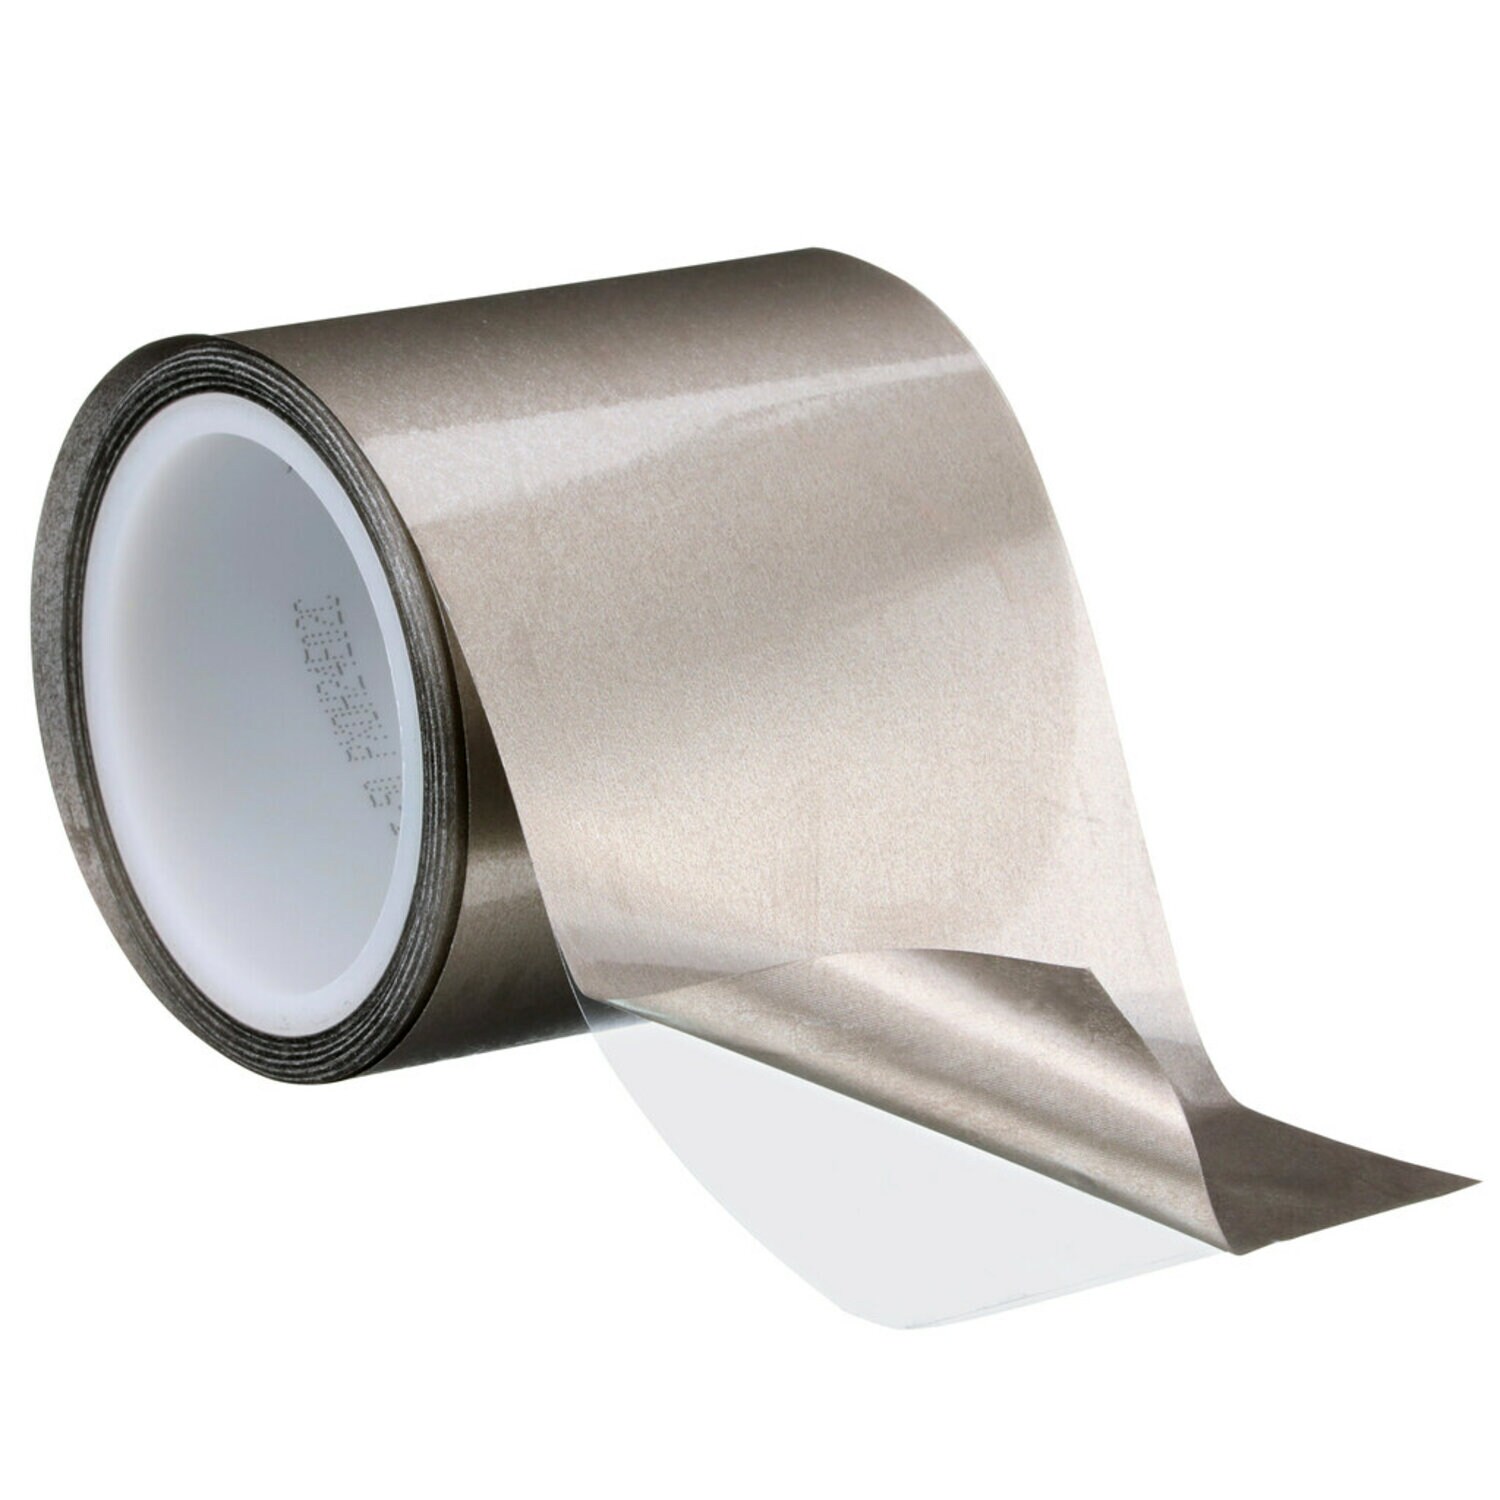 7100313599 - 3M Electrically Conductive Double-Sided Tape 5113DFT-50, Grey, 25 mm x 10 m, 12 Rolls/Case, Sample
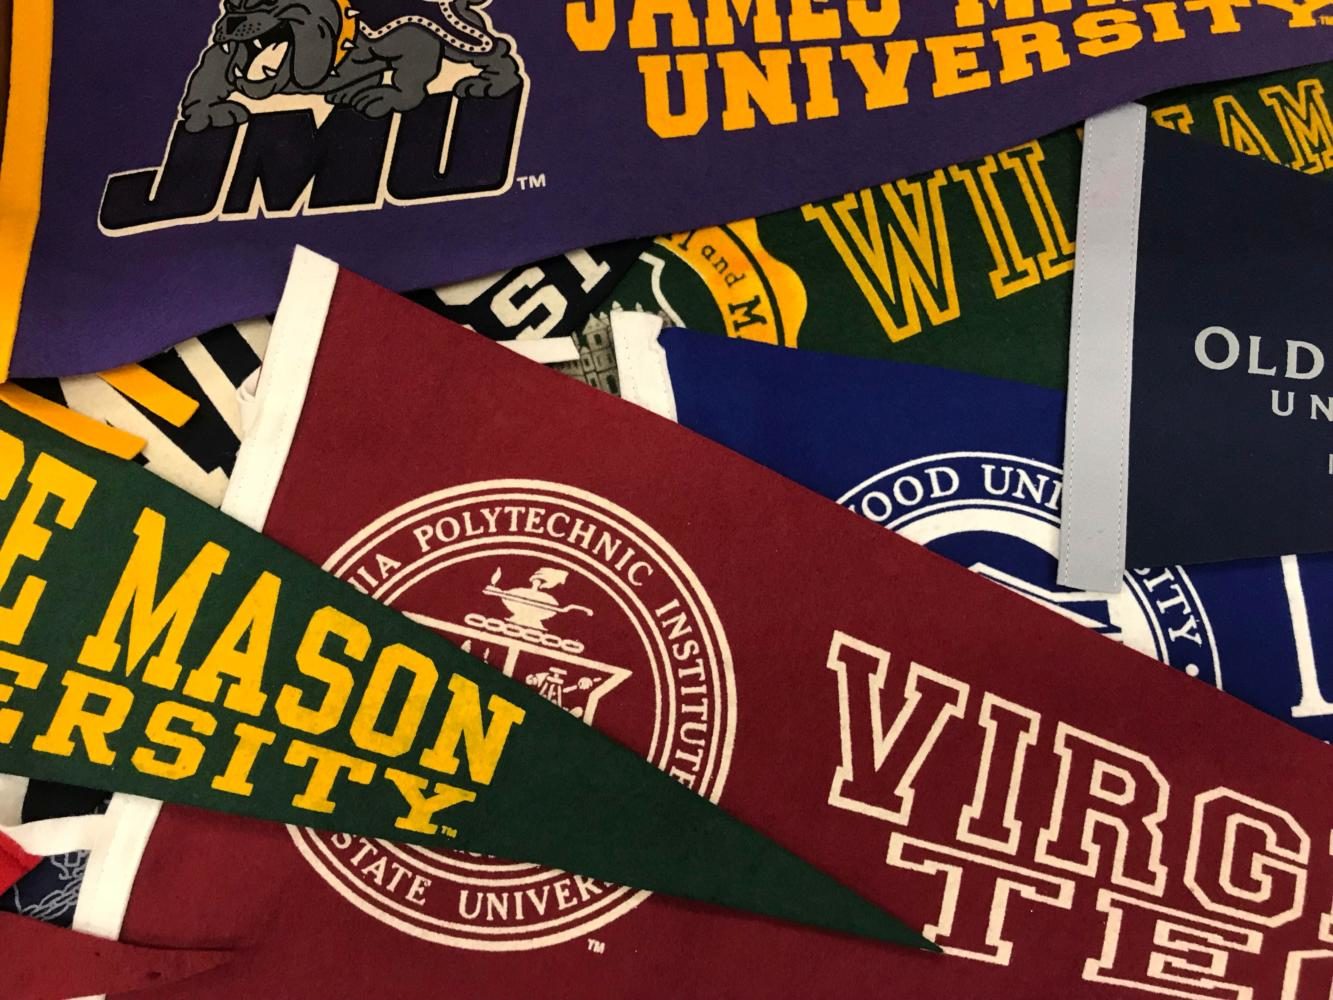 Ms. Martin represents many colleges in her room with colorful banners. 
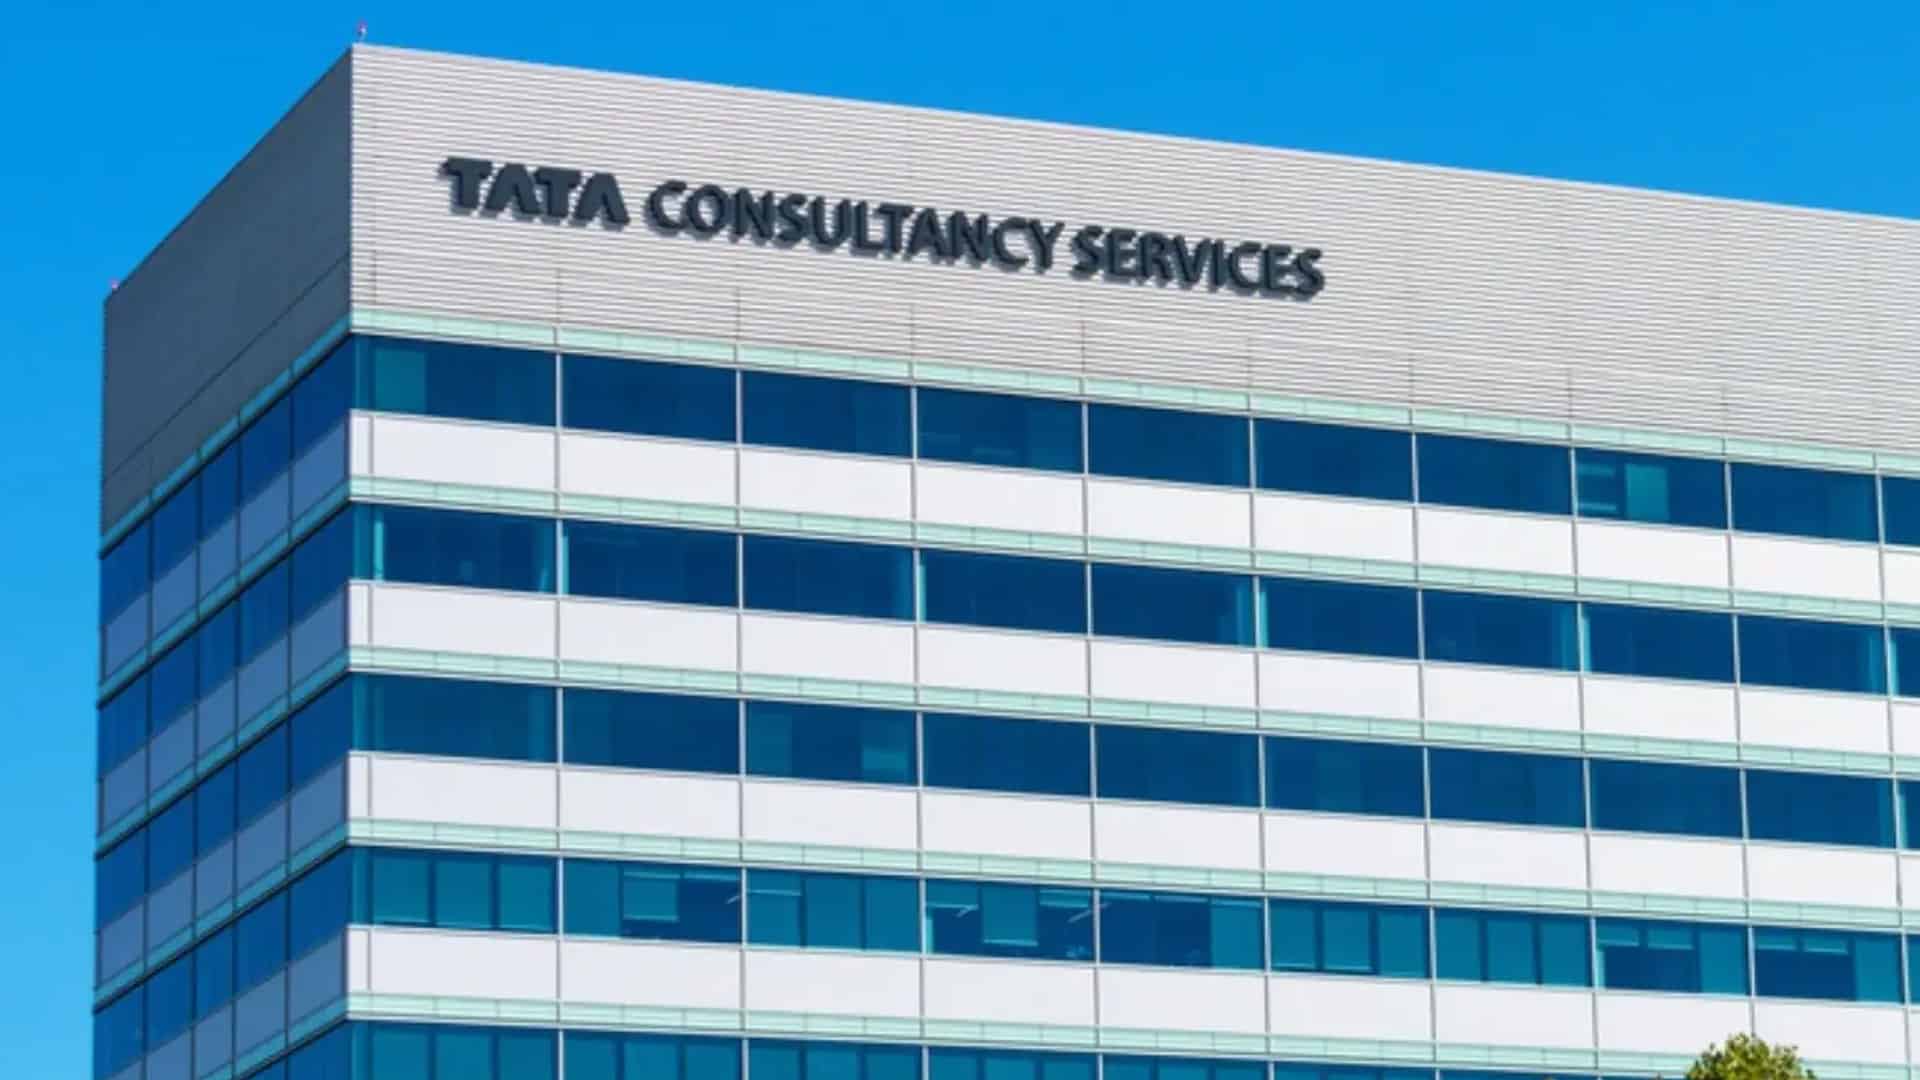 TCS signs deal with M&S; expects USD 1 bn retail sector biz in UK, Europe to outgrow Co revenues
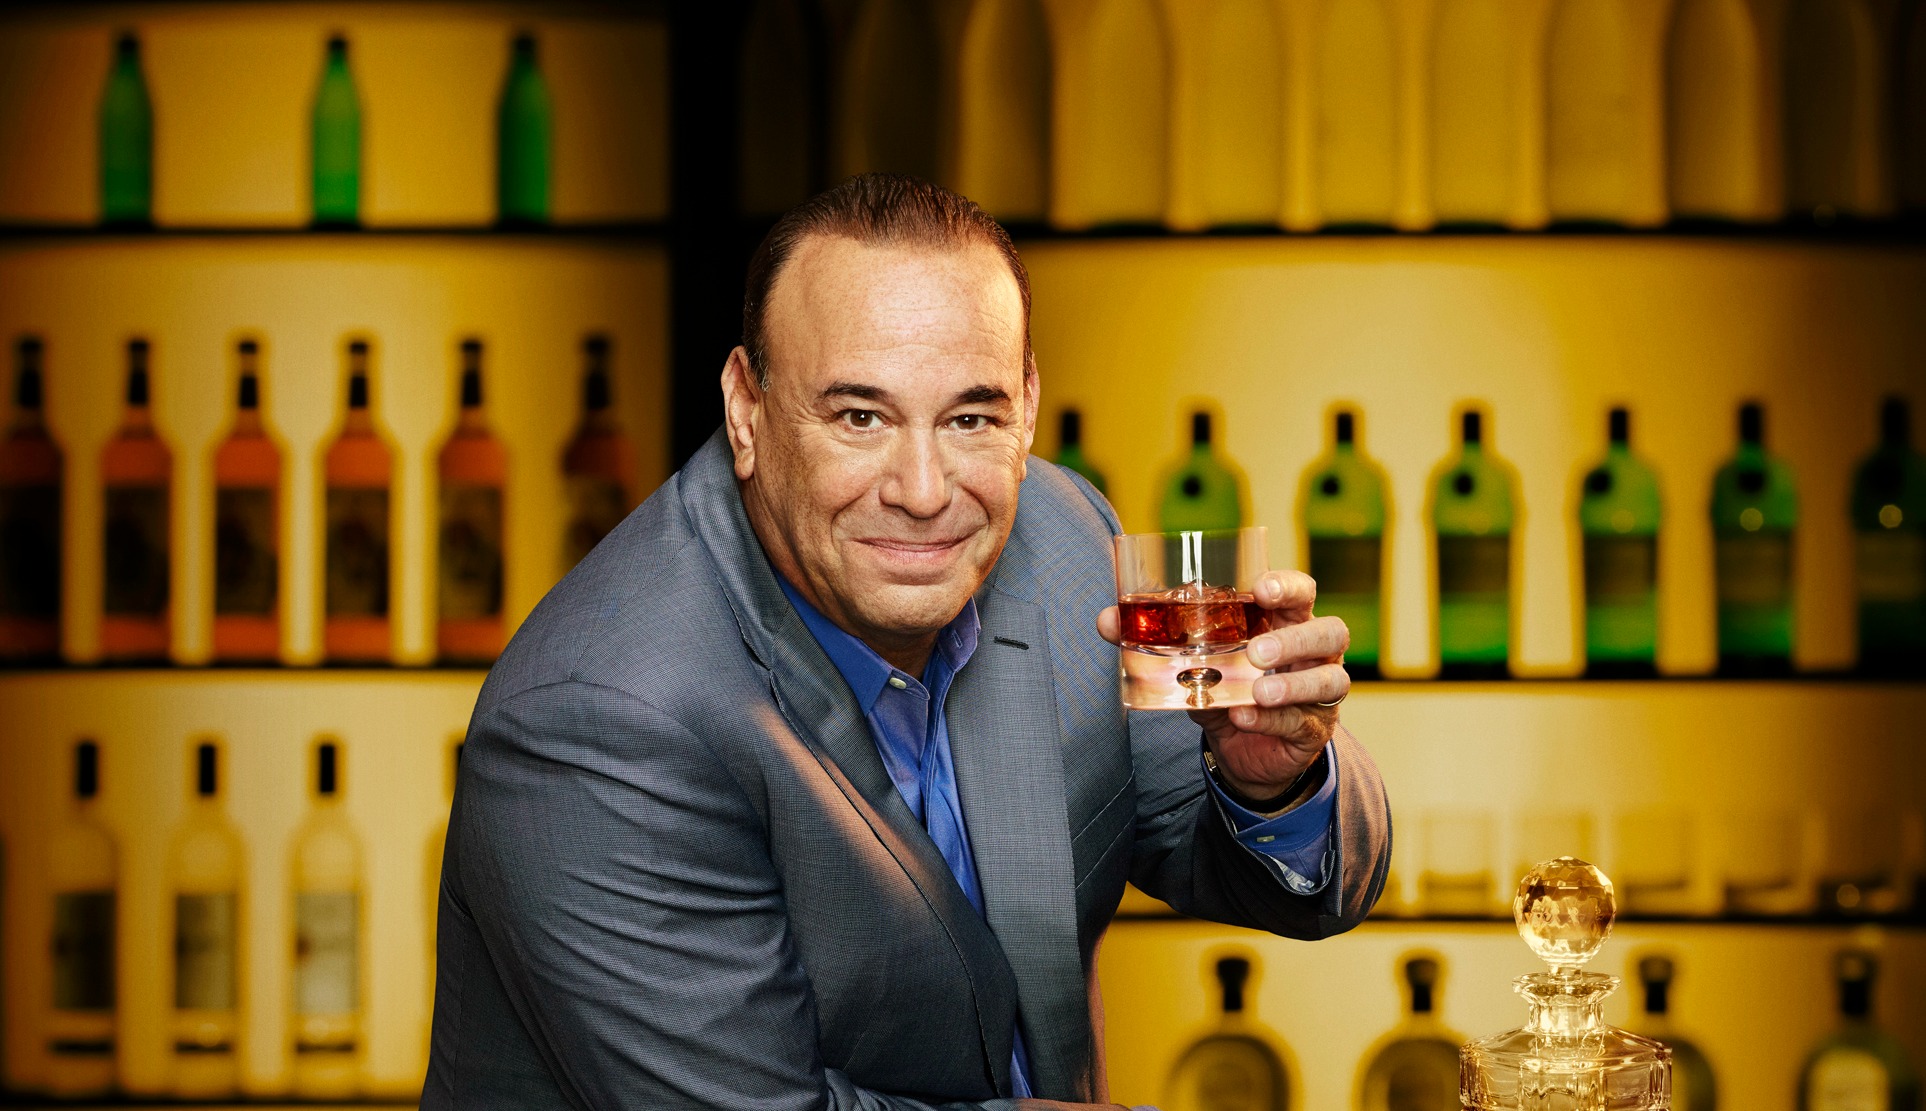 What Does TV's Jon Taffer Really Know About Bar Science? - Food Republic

+++

**Problem details**
When you reach the line that contains "Ms. Martin represents", start copying the listing word for word and stop only after its last line, without any pictures.

**Your solution**
 Ms. Martin represents many colleges in her room with colorful banners. 
 TCS signs deal with M&S; expects USD 1 bn retail sector biz in UK, Europe to outgrow Co revenues
 What Does TV's Jon Taffer Really Know About Bar Science? - Food Republic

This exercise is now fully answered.